In 2023, a company called Alabama Community News LLC supposedly spent $3.2 million to buy 47 weekly newspapers across the state. The corporate owners fired the local staff, replaced them with an artificial intelligence system that scraped high school sports scores, and promptly drove the entire network into bankruptcy. The story even named a specific 26-year-old campaign staffer who generated 70 percent of the copy.
None of it actually happened. The entire 1,900-word saga was a fabrication published by a site called The Editorial, according to an investigation by Nieman Lab. The targeted newspapers, including the Shelby County Reporter and the Centreville Press, are still printing. The angry local advertisers quoted in the piece do not exist. The story falsely claimed the roll-up was funded by 1819 News, a real conservative outlet in the state, adding a layer of plausibility to the hoax.
The fake story gained traction among journalists on social media platforms like Bluesky before the operators pulled it down. They replaced the page with a sterile retraction notice citing “fact-verification concerns.” But the Alabama hoax was not an isolated incident.
The Editorial has built a bizarre subgenre of AI-generated obituaries for real American newspapers. The site previously published fabricated stories detailing the collapse of the Chattanooga Times Free Press, the Kenosha News, and the Macon Telegraph. The nonexistent reporters credited with these stories sport fake resumes claiming past stints at ProPublica and Reuters.
The motive behind the site remains murky.

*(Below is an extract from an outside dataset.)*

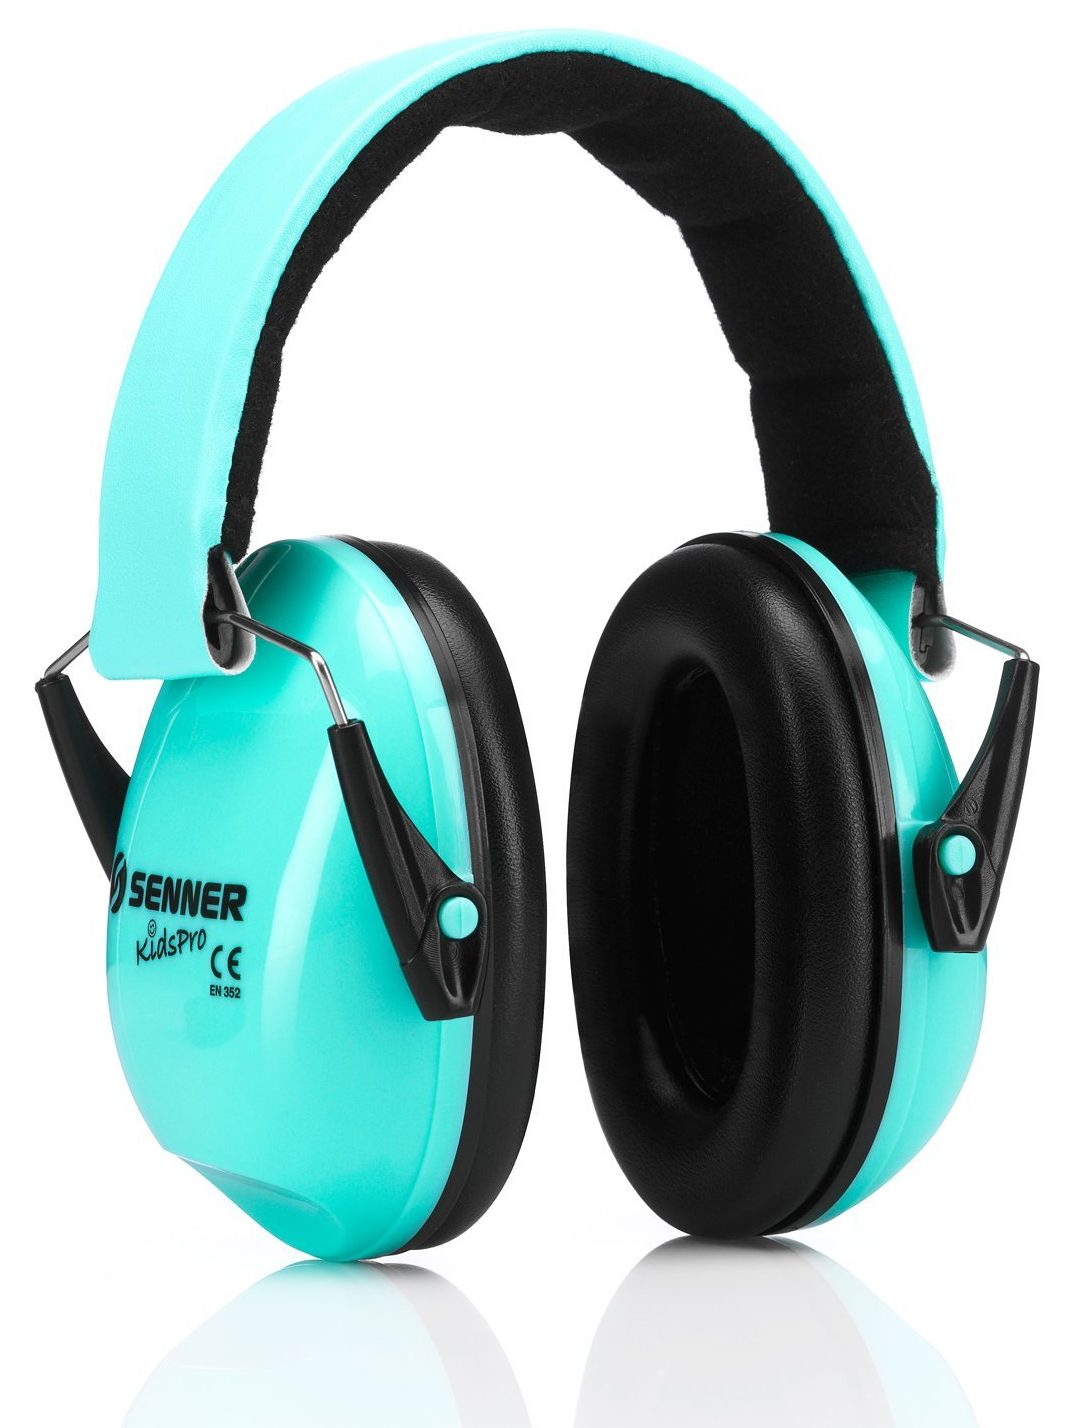 1-50 x HSM Gehörschutz Kapsel Kinder Lärmschutz Kopfhörer Gehörschutzbügel 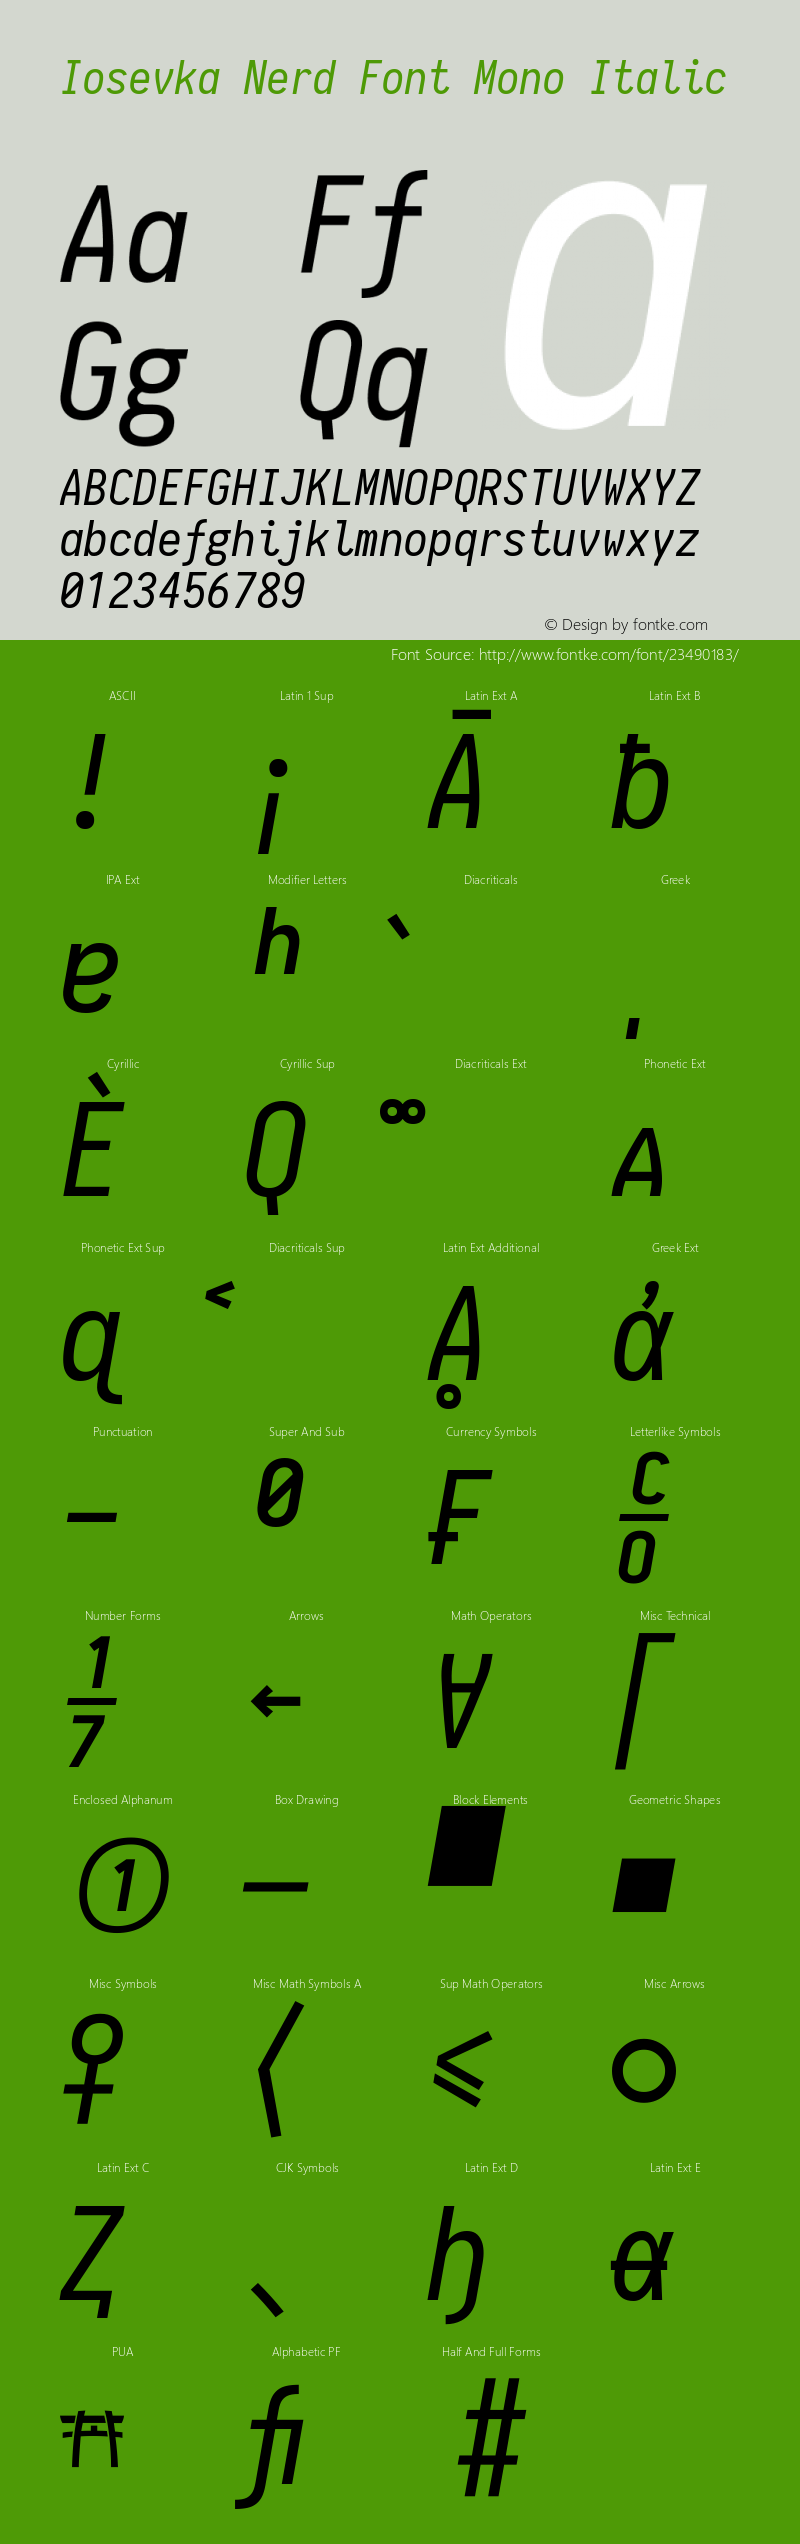 Iosevka Italic Nerd Font Complete Mono 1.8.4; ttfautohint (v1.5)图片样张

Domain registration and payment records point to a Finnish technology company called Nordiso Group, which develops AI study apps. Yet the site’s political sections suggest a different angle. The Editorial publishes a high volume of geopolitical content focused on Taiwan and the South China Sea, heavily pushing narratives that highlight Chinese military dominance.
These geopolitical stories share obvious synthetic fingerprints. Nearly every piece opens with a variation of the exact same scene: a nondescript, windowless conference room where a secret document slides across a table. This repetitive structure aligns with tactics tracked by groups like the Stanford Internet Observatory, which monitors state-sponsored disinformation campaigns. It also highlights how cheap synthetic media allows operators to flood niche topics, a trend we track closely at The Media Copilot.
For publishers, this represents a strange new vector of reputational risk. Newsrooms are used to fighting disinformation about elections or public health, but now they must monitor for synthetic hoaxes about their own business operations. A fake story about a newspaper shutting down or firing its staff can spook actual advertisers and confuse real subscribers before the publisher even realizes the rumor exists.
The barrier to generating convincing local news copy is gone. Operators no longer need to understand the nuances of a community to write a plausible story about it. They only need a prompt and a target, leaving local editors to clean up the mess when the synthetic fallout hits their own backyards.